I do hope AT&T doesn't rename theirs 4G. It's not accurate, and will just confuse customers once AT&T rolls out LTE and real 4G, and their "4G" phones aren't compatible.


----------



## Herdfan

dpeters11 said:


> I do hope AT&T doesn't rename theirs 4G. It's not accurate, and will just confuse customers once AT&T rolls out LTE and real 4G, and their "4G" phones aren't compatible.


They will call that 5G. :lol:


----------



## VegasDen

You can almost guarantee that AT&T will be bragging their IPhone will be the only version that is capable of the accelerated speeds of the new chip as well as simultaneous data/voice.


----------



## dpeters11

Yeah, and I've had people think that the no simultaneous data/voice was without exception, because ATT told them it was impossible under all circumstances. Just not true. Phone companies do irritate me...


----------



## klang

Engadget:  Apple iPhone 4S pre-orders exceed one million in first 24 hours.

It will be interesting to see the breakdown by carrier.


----------



## hdtvfan0001

klang said:


> Engadget:  Apple iPhone 4S pre-orders exceed one million in first 24 hours.
> 
> It will be interesting to see the breakdown by carrier.


It'll be equally interesting to see the numbers, since Engadget has a pretty good track record of providing "suspect" information on many topics.

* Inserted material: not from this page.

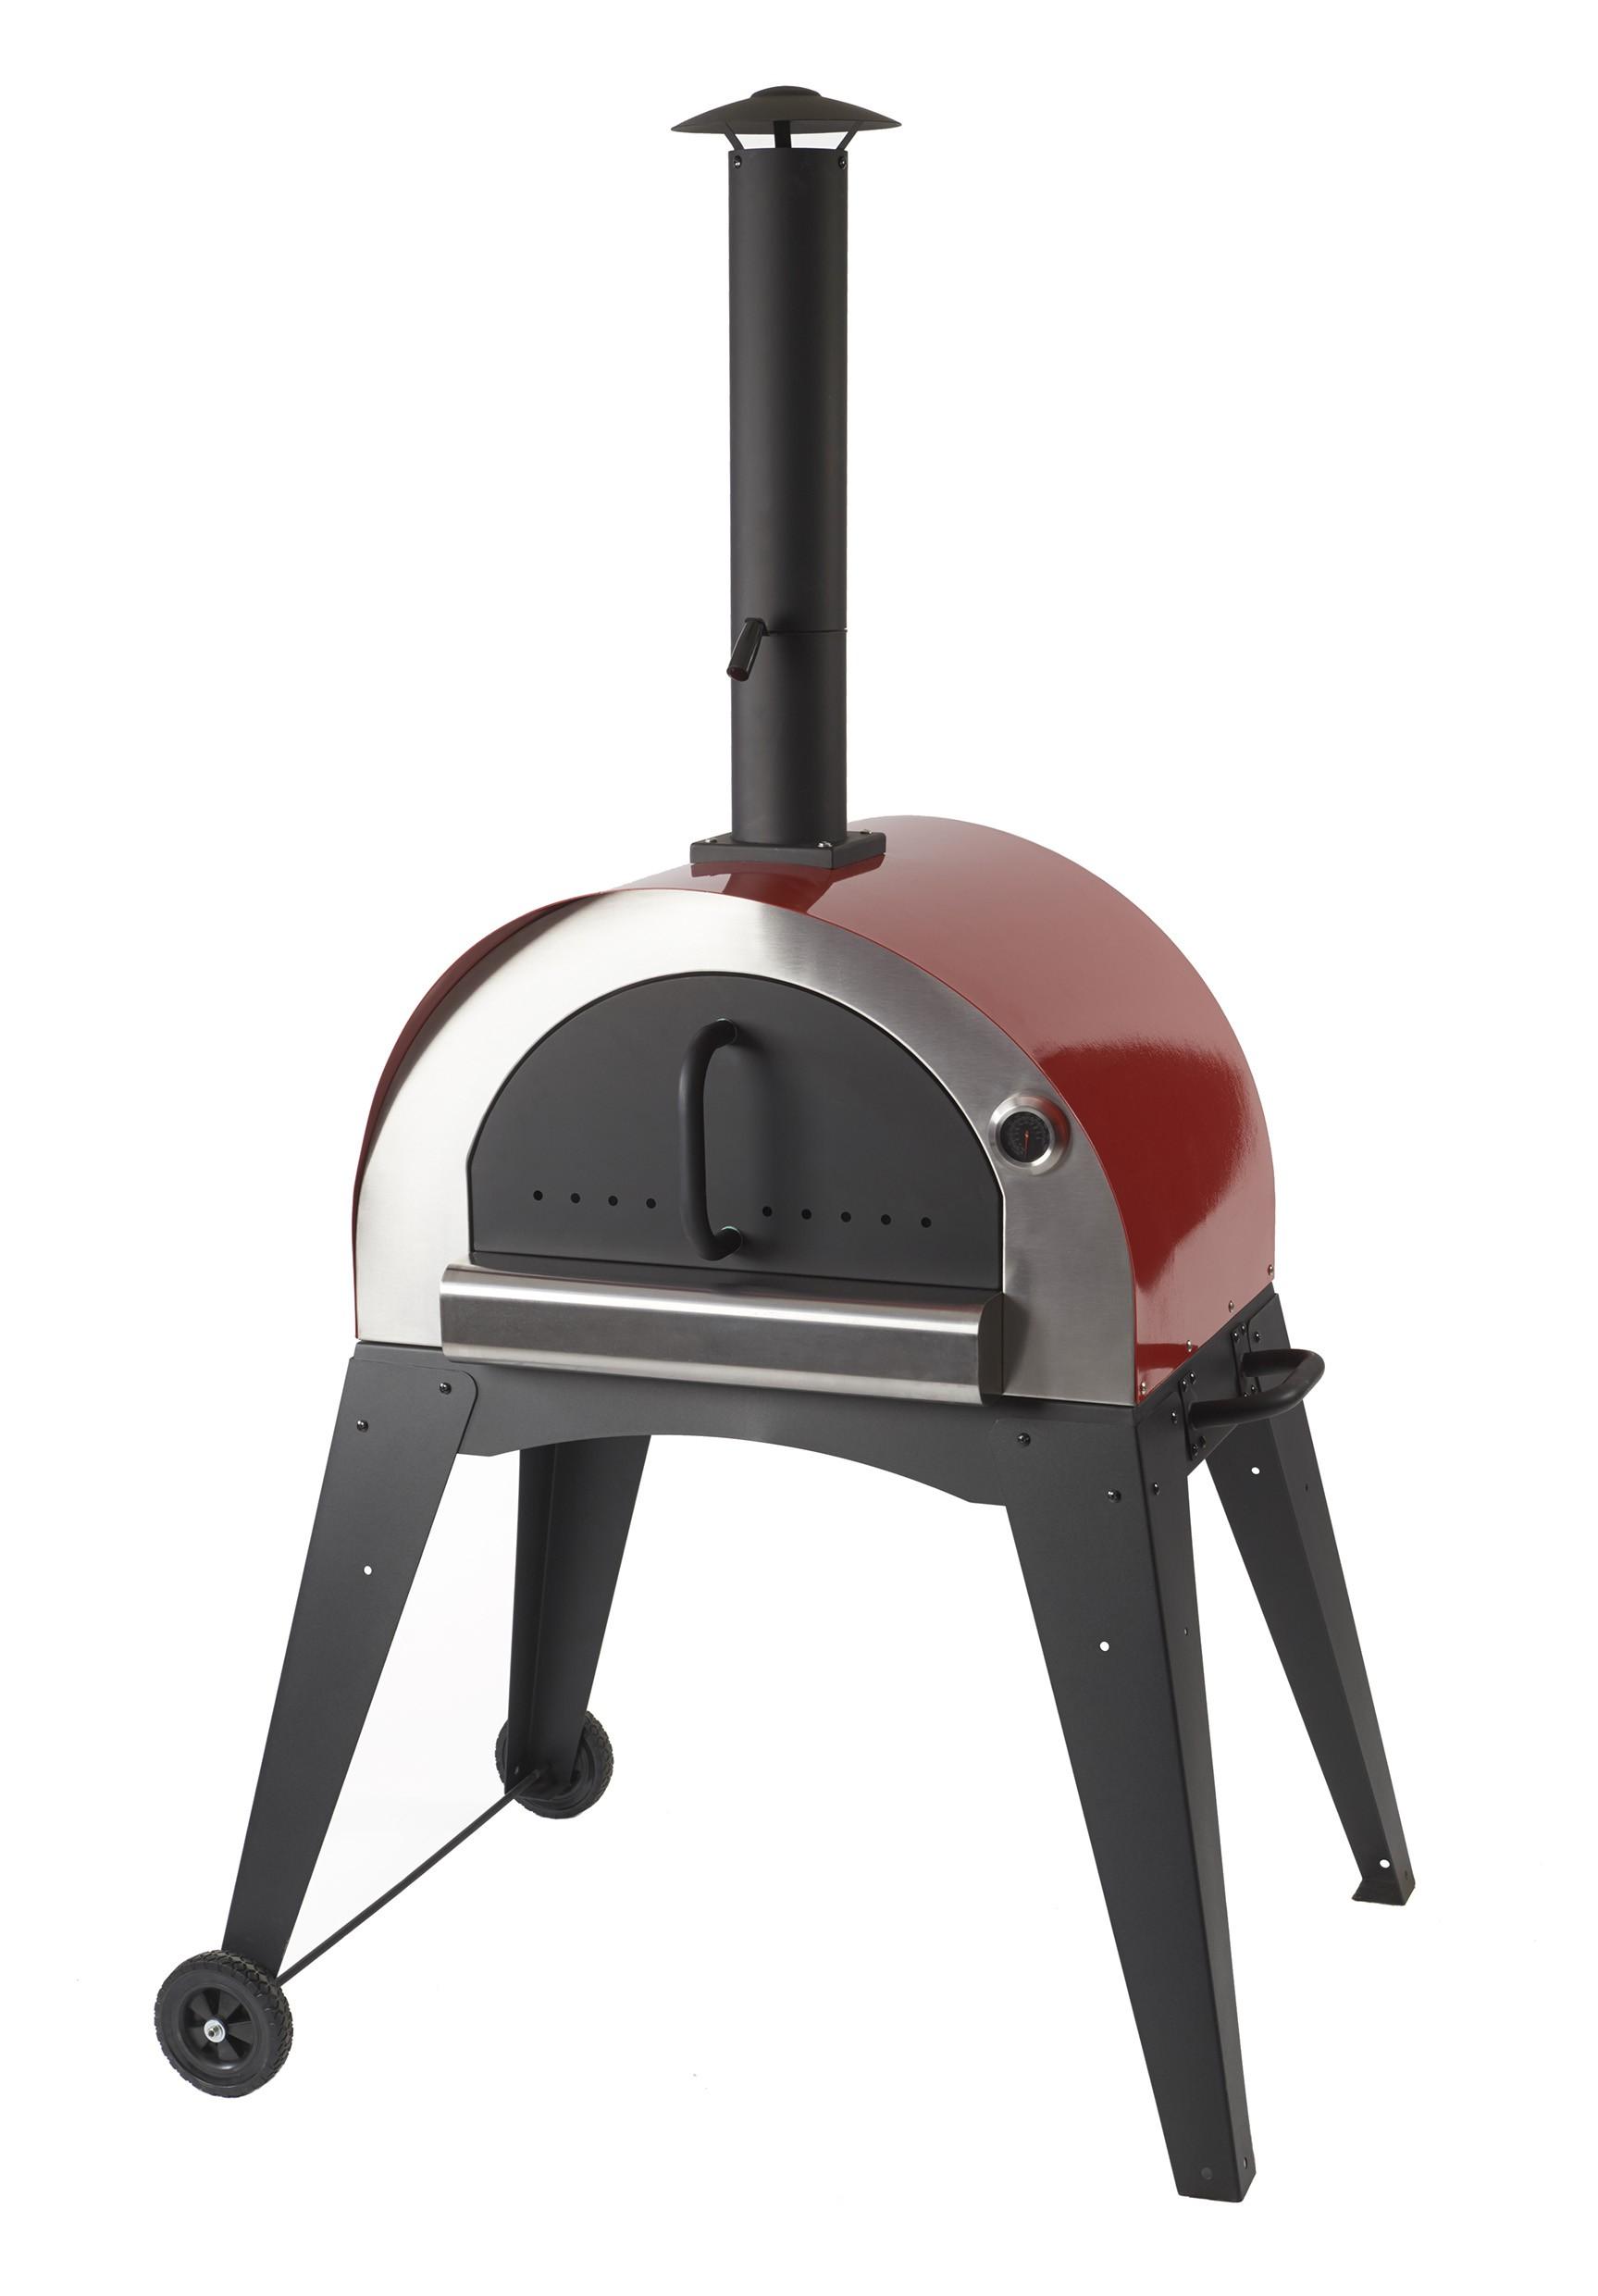 Pizzaofen / Brotbackofen / Flammkuchenofen / Holzbackofen Ciao R Bild 1

Nonetheless....they'll probably sell a bunch of the 4GS units to replace the older 3G series devices that are showing their age.


----------



## klang

hdtvfan0001 said:


> It'll be equally interesting to see the numbers, since Engadget has a pretty good track record of providing "suspect" information on many topics.


The source is a press release directly from Apple, which is included in their story. :lol:


----------



## hdtvfan0001

klang said:


> The source is a press release directly from Apple, which is included in their story. :lol:


Cool - I'm sure Apple would never inflate their results...


----------



## Steve

klang said:


> Engadget:  Apple iPhone 4S pre-orders exceed one million in first 24 hours.
> 
> It will be interesting to see the breakdown by carrier.


I'm trying to think of what other consumer electronics device had as successful a first 24 hours. If it's not the this, the 4s has gotta be right up there with whatever is.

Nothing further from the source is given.